Tutto quello che si vede sono scale, qualche pianerottolo, uno spazio impossibile in 5 dimensioni[1], dove i lampadari pendono dal pavimento e le stanze sembrano cambiare in ogni momento.
Nella scena appare una ragazza, con i capelli sciolti e spettinati che le incorniciano il viso, forse aveva pianto, i suoi occhi sono arrossati, eppure sembrerebbe solo smarrita. Cammina rapida alla ricerca di qualcosa.
La scalinata che stava percorrendo finisce contro un muro e lei si gira per tornare indietro, mancano due gradini e non c’è più il corridoio; come in un quadro di Escher cambia la gravità, cambia la prospettiva e il punto di vista, e ora lei cammina su quello che era un muro, spostando qualche iper-prisma[2] che galleggia in aria.
“Ti cercavo”.
Adesso c’è anche un’altra ragazza, è seduta su un iper-cubo e si fissa le unghie smaltate.
“Ti aspettavo”.
Si siede accanto a lei e cerca conforto, parlando si abbracciano, nella strana luce di quella geometria impossibile la ragazza si scioglie in lacrime e si fa consolare dolcemente.
“Dovresti tornare indietro ora”
“E se capita di nuovo?”
“Torni a cercarmi, sono qui apposta”
Un lieve sorriso e un piccolo buffetto sulla guancia sono il saluto che la ragazza riceve prima di socchiudere gli occhi.
 
*       *       *
 
La vista si allontana, le ragazze diventano sempre più piccole e la vista sembra passare per un lungo tunnel nero che alla sua uscita è circondato da un cerchio azzurro striato di verde, si allontana ancora ed appare un mare bianco delimitato da umidi filamenti neri che perdono gocce d’acqua[3].

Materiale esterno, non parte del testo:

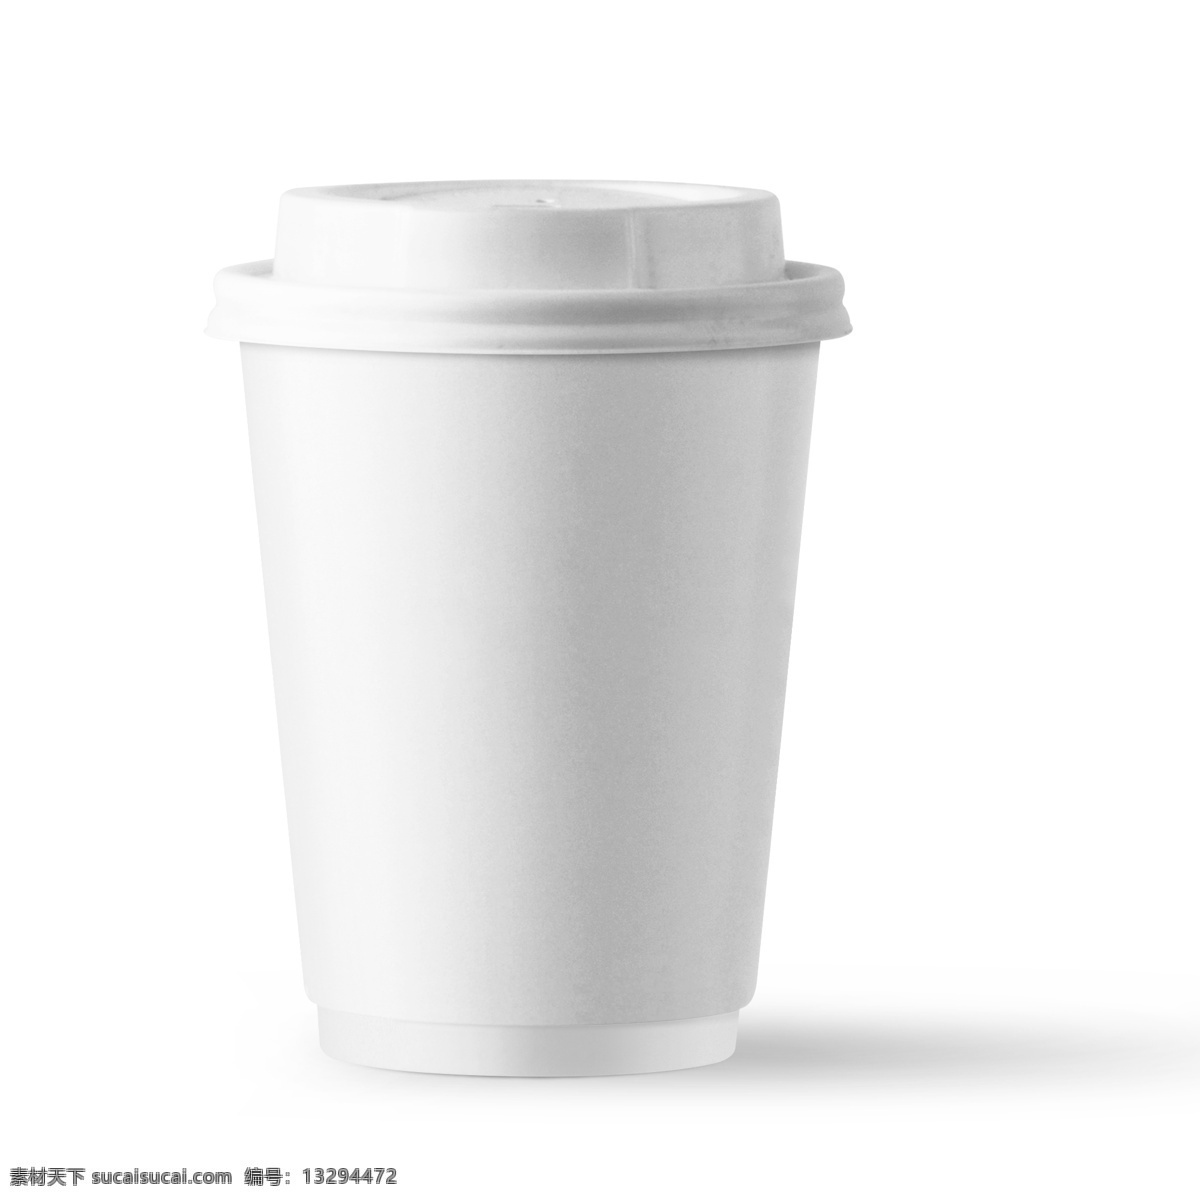 星 巴克 纸杯 咖啡杯 分 图 层 商用 分图层 文艺风格 星巴克 可商用

Si allontana ancora e la ragazza con il viso incorniciato dai capelli spettinati è la, rannicchiata contro un angolo della stanza, con le mani premute sulle orecchie.
Piangeva e ora non piange più.
Si…
Pensa sorridendo
Ti troverò sempre lì…
Continua.
Mi basta chiamarti…
Pensa prima di mormorare il suo stesso nome[4].
 
 
Note: mi rendo conto che sia una storia davvero particolare quella che ho scritto, un po’ specchia la follia, un po’ la fuga da essa, un po’ il conforto che puoi trovare solo in solitaria. È una storia strana, nata dalla solitudine di un momento triste.
Cosa fa la mente umana quando cerca conforto?
Non è importante cosa veramente si capisce, per me sono importanti le emozioni che questa storia potrebbe far vivere.
 
Lucrezia
 
[1] Le tre dimensioni classiche più il tempo e la quinta che io ho immaginato come essere “follia”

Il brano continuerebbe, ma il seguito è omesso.